Run an interactive Python shell, with the cluster accessible via the `ctx` variable

Run an interactive Python shell, with the cluster accessible via
    the ``ctx`` variable.
    Hit ``control-D`` to continue.

    This is also useful to pause the execution of the test between two
    tasks, either to perform ad hoc operations, or to examine the
    state of the cluster. You can also use it to easily bring up a
    Ceph cluster for ad hoc testing.

    For example::
        tasks:
        - ceph:
        - interactive:

rados

Run RadosModel-based integration tests. 进行所有读，写，快照，回滚，纠删码，克隆等基本内部单元测试。实际会调用ceph/src/test下面的osd/TestRados.cc。

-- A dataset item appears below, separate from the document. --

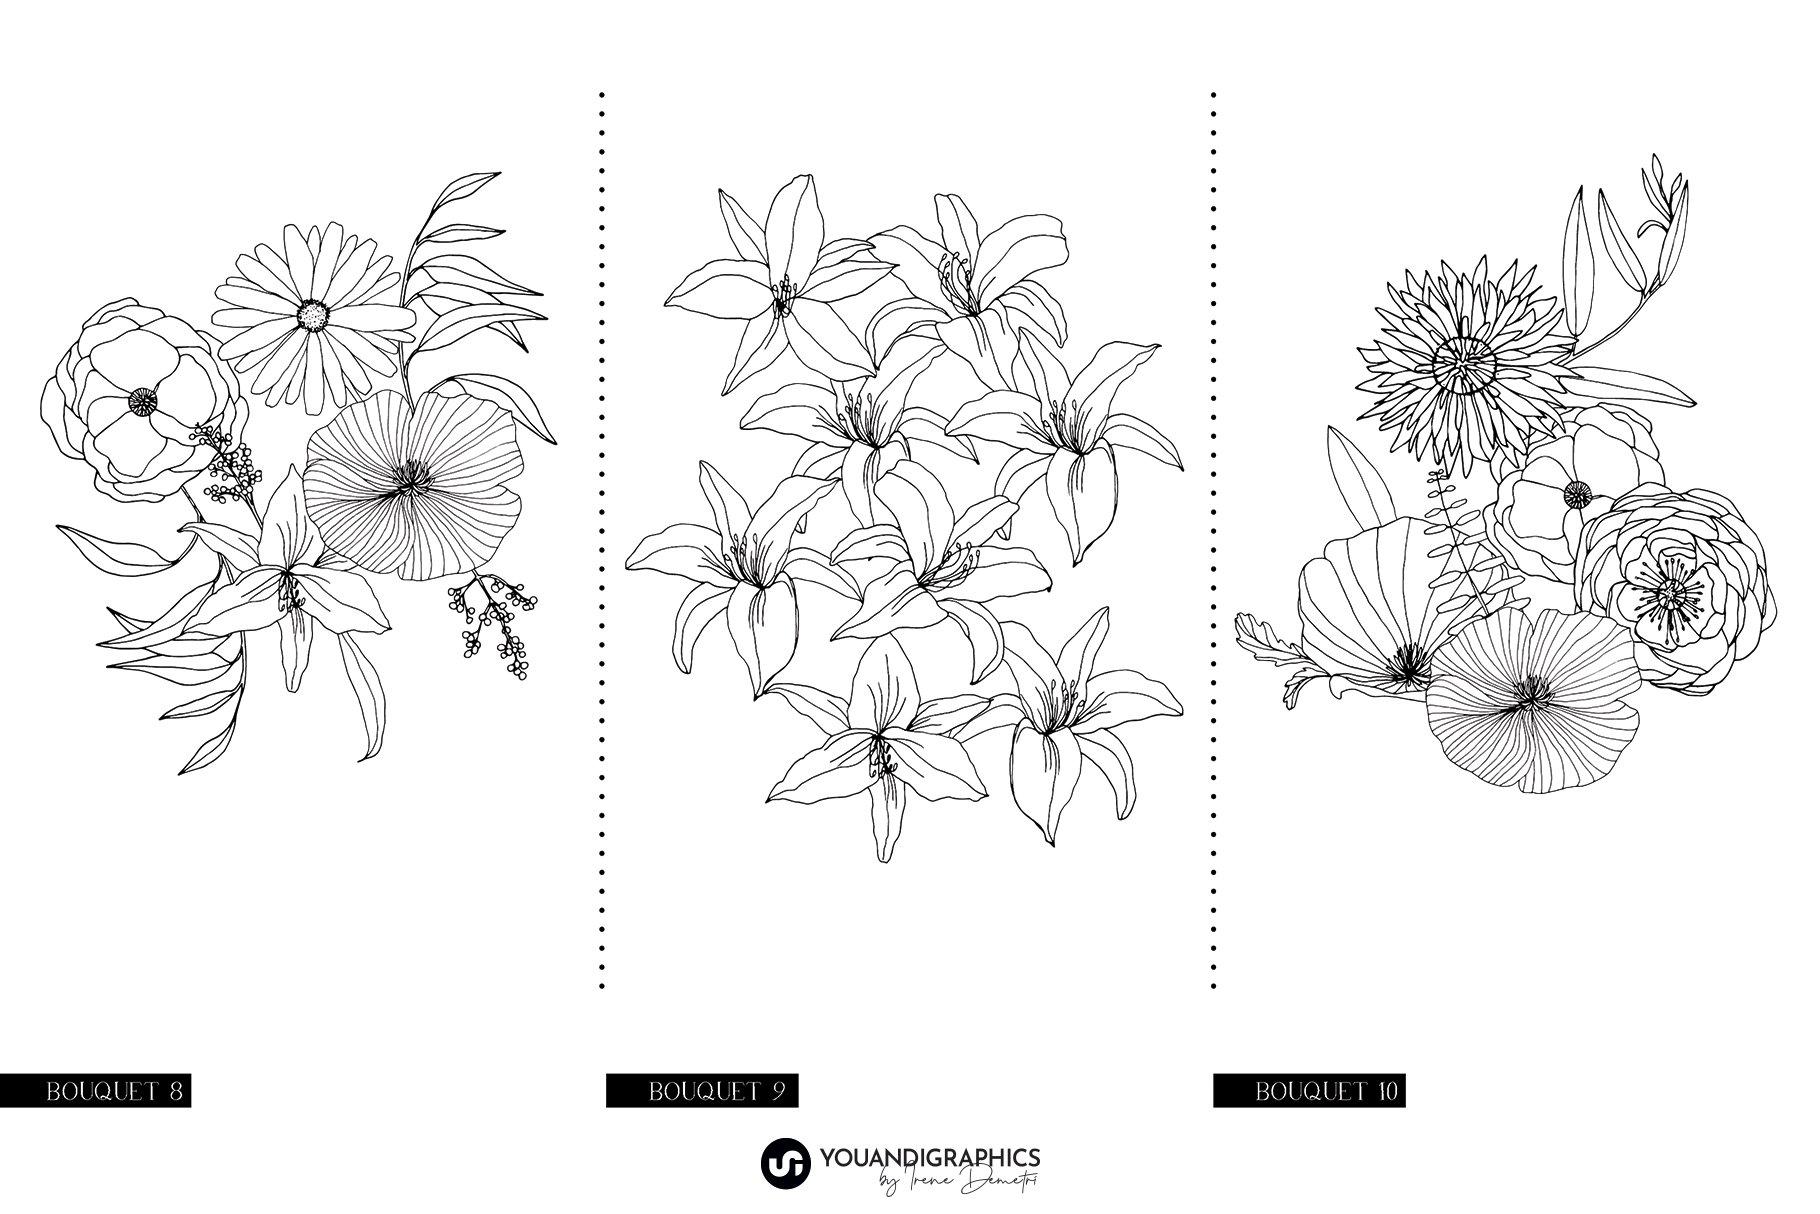 精美手绘花卉花朵无缝隙矢量线稿图案素材 Floral Blast Patterns And Bouquets插图(16)

The config should be as follows::
        rados:
          clients: [client list]
          ops: <number of ops>
          objects: <number of objects to use>
          max_in_flight: <max number of operations in flight>
          object_size: <size of objects in bytes>
          min_stride_size: <minimum write stride size in bytes>
          max_stride_size: <maximum write stride size in bytes>
          op_weights: <dictionary mapping operation type to integer weight>
          runs: <number of times to run> - the pool is remade between runs
          ec_pool: use an ec pool
          erasure_code_profile: profile to use with the erasure coded pool
          fast_read: enable ec_pool's fast_read
          min_size: set the min_size of created pool
          pool_snaps: use pool snapshots instead of selfmanaged snapshots
          write_fadvise_dontneed: write behavior like with LIBRADOS_OP_FLAG_FADVISE_DONTNEED.This mean data don't access in the near future.Let osd backend don't keep data in cache.

    For example::
        tasks:
        - ceph:
        - rados:
            clients: [client.0]
            ops: 1000
            max_seconds: 0   # 0 for no limit
            objects: 25
            max_in_flight: 16
            object_size: 4000000
            min_stride_size: 1024
            max_stride_size: 4096
            op_weights:
              read: 20
              write: 10
              delete: 2
              snap_create: 3
              rollback: 2
              snap_remove: 0
            ec_pool: create an ec pool, defaults to False
            erasure_code_use_overwrites: test overwrites, default false
            erasure_code_profile:
              name: teuthologyprofile
              k: 2
              m: 1
              crush-failure-domain: osd
            pool_snaps: true
        write_fadvise_dontneed: true
            runs: 10
        - interactive:

    Optionally, you can provide the pool name to run against:
        tasks:
        - ceph:
        - exec:
            client.0:
              - ceph osd pool create foo
        - rados:
            clients: [client.0]
            pools: [foo]
            ...
    Alternatively, you can provide a pool prefix:
        tasks:
        - ceph:
        - exec:
            client.0:
              - ceph osd pool create foo.client.0
        - rados:
            clients: [client.0]
            pool_prefix: foo
            ...

    The tests are run asynchronously, they are not complete when the task
    returns. For instance:
        - rados:
            clients: [client.0]
            pools: [ecbase]
            ops: 4000
            objects: 500
            op_weights:
              read: 100
              write: 100
              delete: 50
              copy_from: 50
        - print: "**** done rados ec-cache-agent (part 2)"
     will run the print task immediately after the rados tasks begins but
     not after it completes. To make the rados task a blocking / sequential
     task, use:
        - sequential:
          - rados:
              clients: [client.0]
              pools: [ecbase]
              ops: 4000
              objects: 500
              op_weights:
                read: 100
                write: 100
                delete: 50
                copy_from: 50
        - print: "**** done rados ec-cache-agent (part 2)"

overrides

在overrides下，可以增加高优先级的ceph配置。它可以增加配置，却不修改现有的yaml文件，提高了重用。
overrides: override behavior. Typically, this includes sub-tasks being overridden. Overrides technically is not a task (there is no ‘def task’ in an overrides.py file), but from a user’s standpoint can be described as behaving like one. Sub-tasks can nest further information. For example, overrides of install tasks are project specific, so the following section of a yaml file would cause all ceph installations to default to using the jewel branch:

overrides:
  install:
    ceph:
      branch: jewel

workunit

For example::
        tasks:
        - ceph:
        - ceph-fuse: [client.0]
        - workunit:
            clients:
              client.0: [direct_io, xattrs.sh]
              client.1: [snaps]
            branch: foo

    You can also run a list of workunits on all clients:
        tasks:
        - ceph:
        - ceph-fuse:
        - workunit:
            tag: v0.47
            clients:
              all: [direct_io, xattrs.sh, snaps]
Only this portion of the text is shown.